The judge said Guan was not a credible witness and had lied while testifying in court.

"(Guan) projected herself as a meek housewife who was ignorant of her husband's activities and business. She claimed she did not know and she did not ask him anything.

"I did not believe her. She struck me as a savvy, know-ledgeable and capable lady. Hence, I did not believe that she would docilely do whatever Dan Tan asked her to do without questioning what and why," said the judge.

The court heard that on June 6 that year, Tan was asked to report to CPIB's office. Before he left home, he told Guan to take two laptops, place them in a bag and hand it back to him after he was released.

That afternoon, Guan was herself told to report to the bureau. She placed a white Dior paper bag in the back seat before getting into the front passenger seat of a car.

On arriving at CPIB's carpark, Guan asked her driver to hold on to the bag. He then waited with it at a nearby coffee shop, where it was later seized by graft investigators.

When questioned by a CPIB officer, Guan insisted she did not know anything about the bag and laptops.

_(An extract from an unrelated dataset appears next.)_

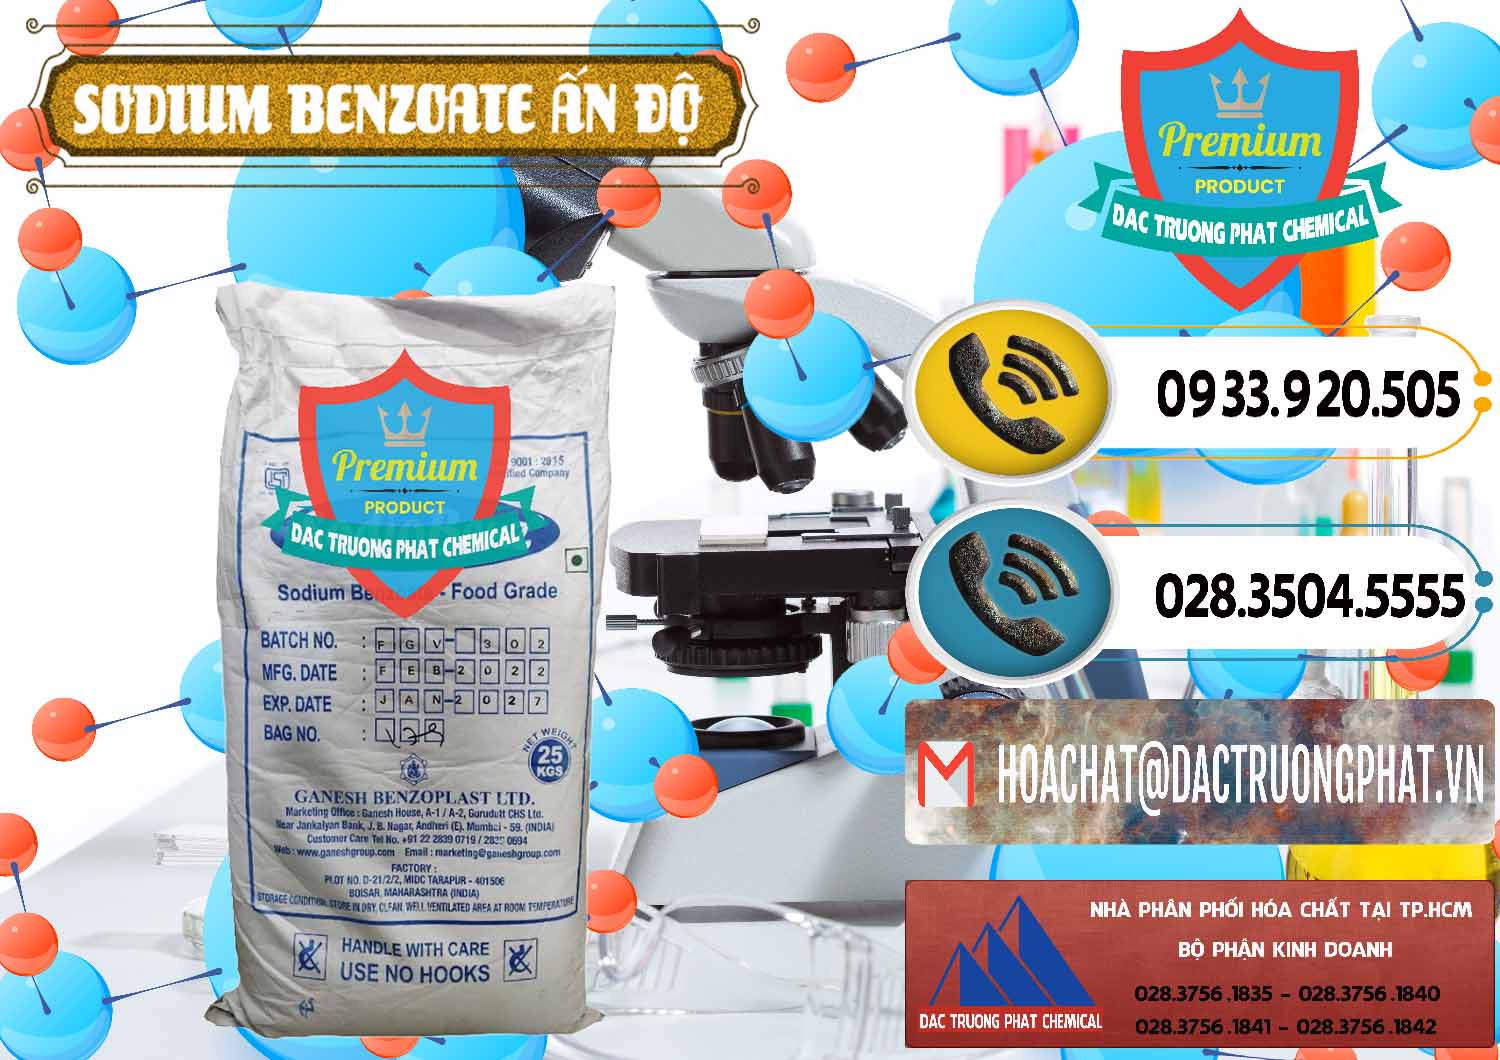 Cty chuyên cung ứng - bán Sodium Benzoate - Mốc Bột Ấn Độ India - 0361 - Chuyên phân phối ( kinh doanh ) hóa chất tại TP.HCM - hoachatdetnhuom.vn

Deputy Public Prosecutor Jasmin Kaur asked for four to six months' jail as Guan's action was "akin to an attempt to obstruct the course of justice".

Defence lawyer Foo Cheow Ming said the false information Guan gave was relatively minor and had minimal impact, if any, on CPIB's investigations into Tan's alleged match-fixing activities. He asked for a conditional discharge or a fine.

Guan is expected to be sentenced next Monday. She is out on $10,000 bail.

The maximum penalty for giving false or misleading information to a CPIB investigator is a $10,000 fine and one year's jail.

Guan was Tan's third wife. She divorced him in July last year.